Boursiquot: If you're anything like me, you read this book three or four years ago, and felt a strong confidence that you now had the language to speak to the business and to your engineers about what it took to build reliable systems, and exactly what needed to be done, done to what was to be measured, and who was to be hired to bring that vision of operational excellence to reality. Much like software systems coming into contact with real users, reality has a way of forcing us to adapt to unforeseen circumstances. Human behavior, in this case, is the war card at play in the adoption of your operational excellence initiatives. I'm Johnny Boursiquot. Over the last two decades, I've learned some hard lessons about the delicate balance between people, technology, and the incentives that lead to successful or failed adoption of engineering practices. I want to share some of what I've learned about SRE adoption in particular.

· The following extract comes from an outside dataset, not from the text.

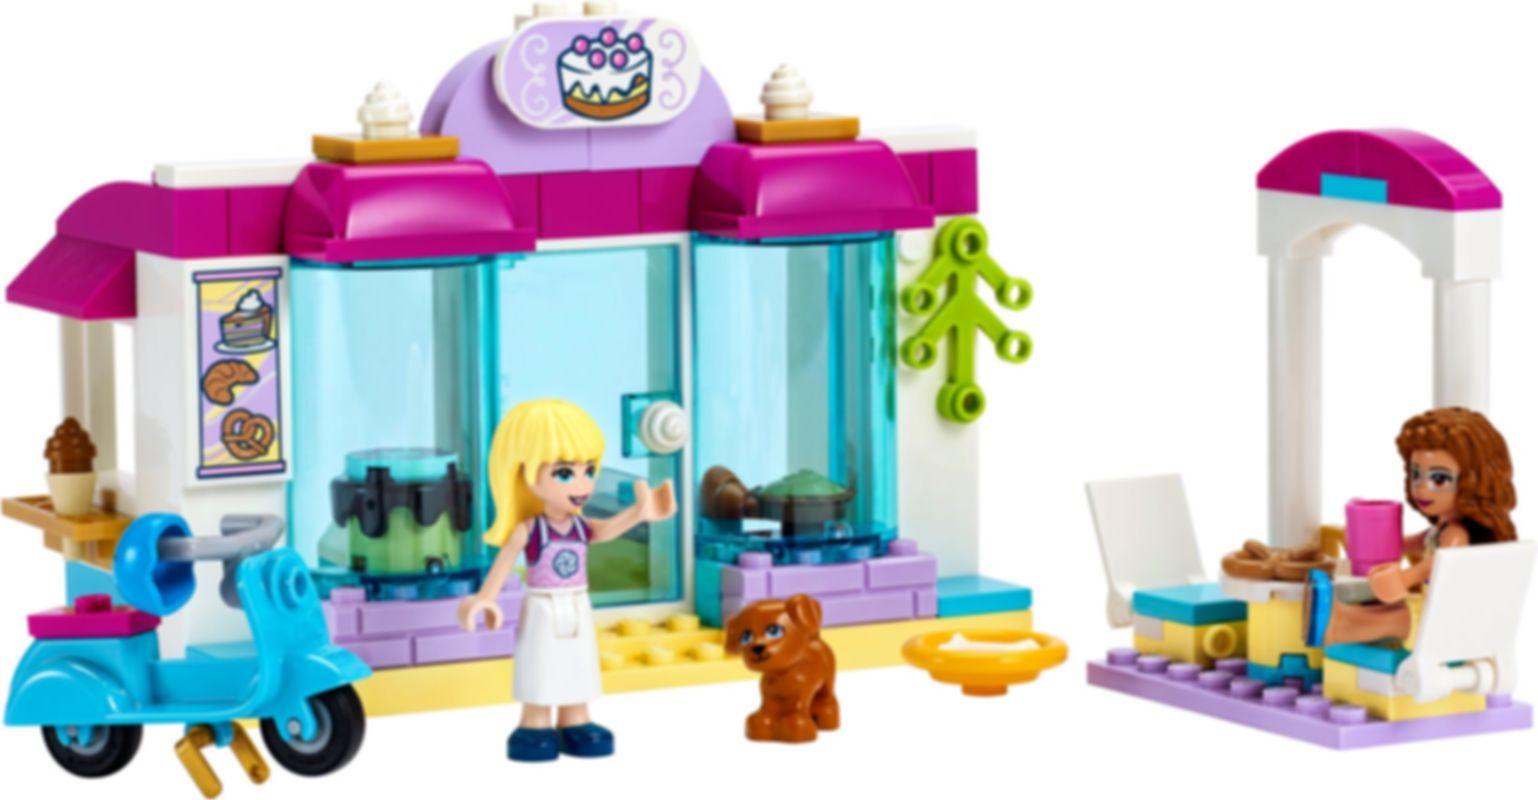 LEGO® Friends Heartlake City Bakery gameplay

SRE: Same, Same but Different

No two organizations implement Site Reliability Engineering in the same manner, and that fact is unfortunately seldom recognized when rolling out an SRE function for the first time, especially in organizations where teams have traditionally operated with complete autonomy and independence from one another. While there exists a set of best practices for its adoption, those that take on the task of championing SRE within the organization know that those prescriptive approaches do not provide all the pieces necessary for that adoption to be a smooth and immediately impactful one.

Unintended Consequences

Nowhere is this challenge of adoption more prevalent in organizations where teams have complete ownership of a service from its development all the way through its ongoing operational needs. In these organizations, it's common, even necessary for team-specific practices to develop. This total ownership model works well to move business objectives forward in the early part of a system's lifecycle, but does eventually and insidiously morph to become unaddressed technical debt, when maturing teams need to adopt shared reliability practices in tooling. The drive for maturation that is supported by engineering leaders will undoubtedly include the attempt to inculcate standardization. This is a natural reaction to having identified heterogeneity of processes in tooling amongst teams to be a barrier to the operational excellence vision promised by SRE. While beneficial on the surface, these changes are hard for teams to absorb naturally due to the impact on what they've been doing and how they've been doing it. Let's be honest, as long as feature demands keep coming, operational improvements will often take a back seat. Bridging this gap between the intent of leadership and the practical implications within teams requires change agents in the form of SREs that can be embedded within these teams. Let's pull on that thread a little bit.

Trust

Teams that see themselves as self-sufficient, are not always incentivized to work with a traditional and external SRE function requiring changes on how they operate, even if those changes would markedly improve things. Regardless of the reasons, building bridges across these teams requires that we first establish trust. Of course, one way to facilitate this trust building is to embed SRE directly within those teams. While this idea is not new, why you do it and for how long are perhaps subtle but key differentiators.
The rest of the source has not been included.